In our study, PD patients with higher ventricular CSF orexin levels exhibited larger numbers of RSWA epochs than did patients with lower orexin levels, suggesting that preserved orexin drive may be involved in loss of REM atonia. These results are congruent with experiments demonstrating that orexin neurons are strongly involved in muscle-tone control. Orexin neurons exert a facilitating influence on muscle tone, both directly via their projections on trigeminal motor neurons20 and spinal motor neurons21 and indirectly via the locus coeruleus neurons.22 Orexin injections into the locus coeruleus increase muscle tone23 and interrupt pedunculopontine nucleus-induced muscle atonia.24 However, regulation of muscle atonia relies on complex relationships and interactions between the orexin system, the locus coeruleus (in which orexin facilitates muscle activity), and the pontine inhibitory area (in which orexin inhibits muscle activity).

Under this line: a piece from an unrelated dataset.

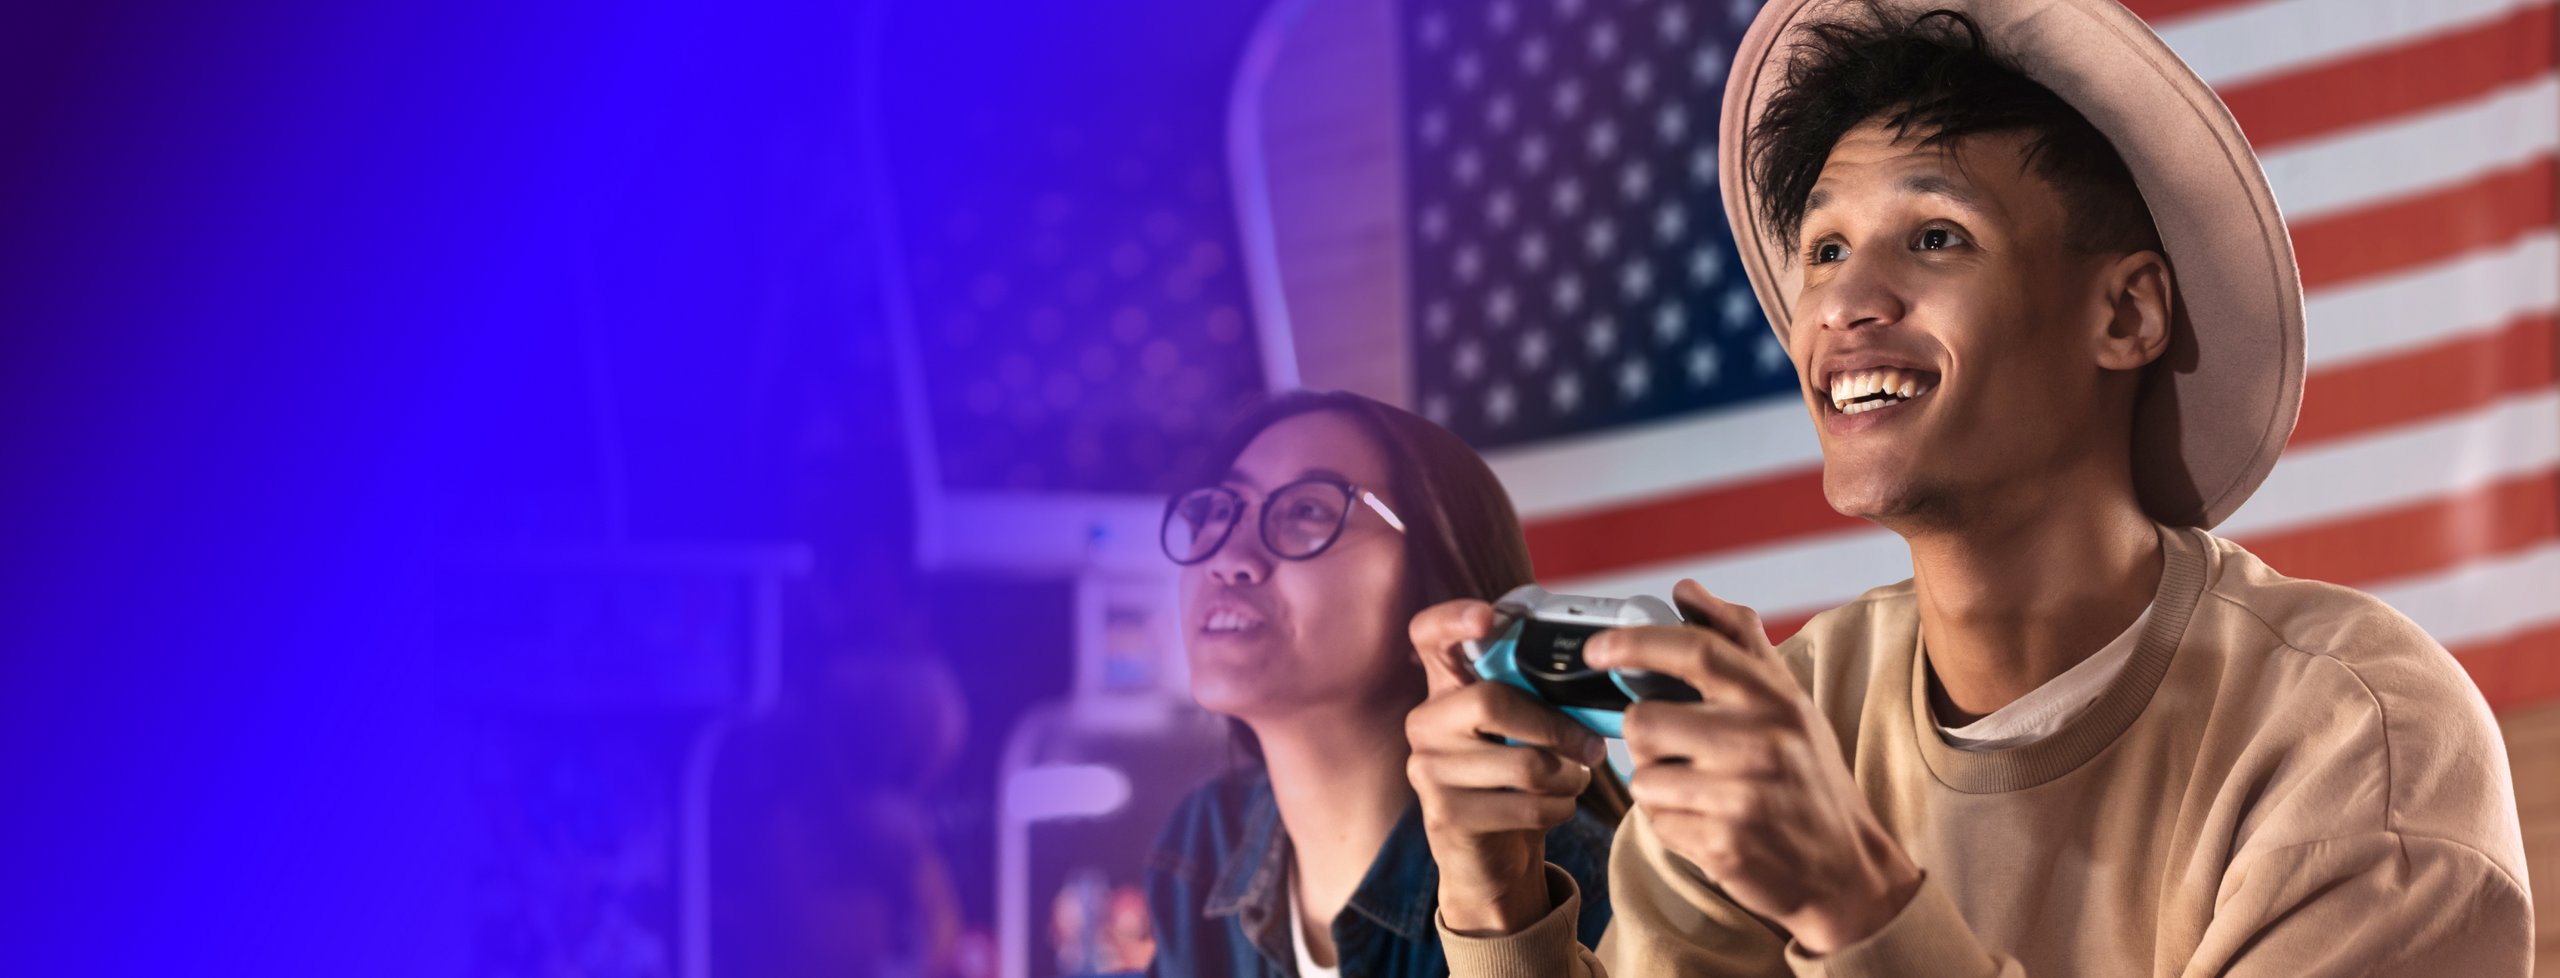 Two teenagers playing a video game with the USA flag behind.

Our results contrast with those obtained in narcolepsy-cataplexy, in which orexin levels negatively correlated with RSWA.25 However, narcolepsy-cataplexy and PD are two different diseases, and the process leading to orexinergic neuron loss is likely different. Orexin neurons are the primary target of an acute and specific neuronal aggression in narcolepsy, leading to a 90% reduction in the orexin neuron pool.26 In contrast, PD is a chronic, slowly progressive neurodegenerative disease, affecting primarily dopaminergic neurons, with a process not fully understood, leading to partial (23%–60%) orexin neuron loss.10 As an illustration, no cataplexy has been reported in PD patients, even in patients with undetectable orexin levels.8,12

Our results are also in contrast with a recent study that found similar orexin lumbar levels in five RBD patients.27 However, these patients had idiopathic RBD and no sign of PD.

Conclusion

The loss of REM atonia in patients with higher orexin levels illustrates the complexity of the symptoms induced by altered orexin neurotransmission in PD.28 Experimental trials of orexin antagonists could be of interest in the transgenic mouse model of RSWA.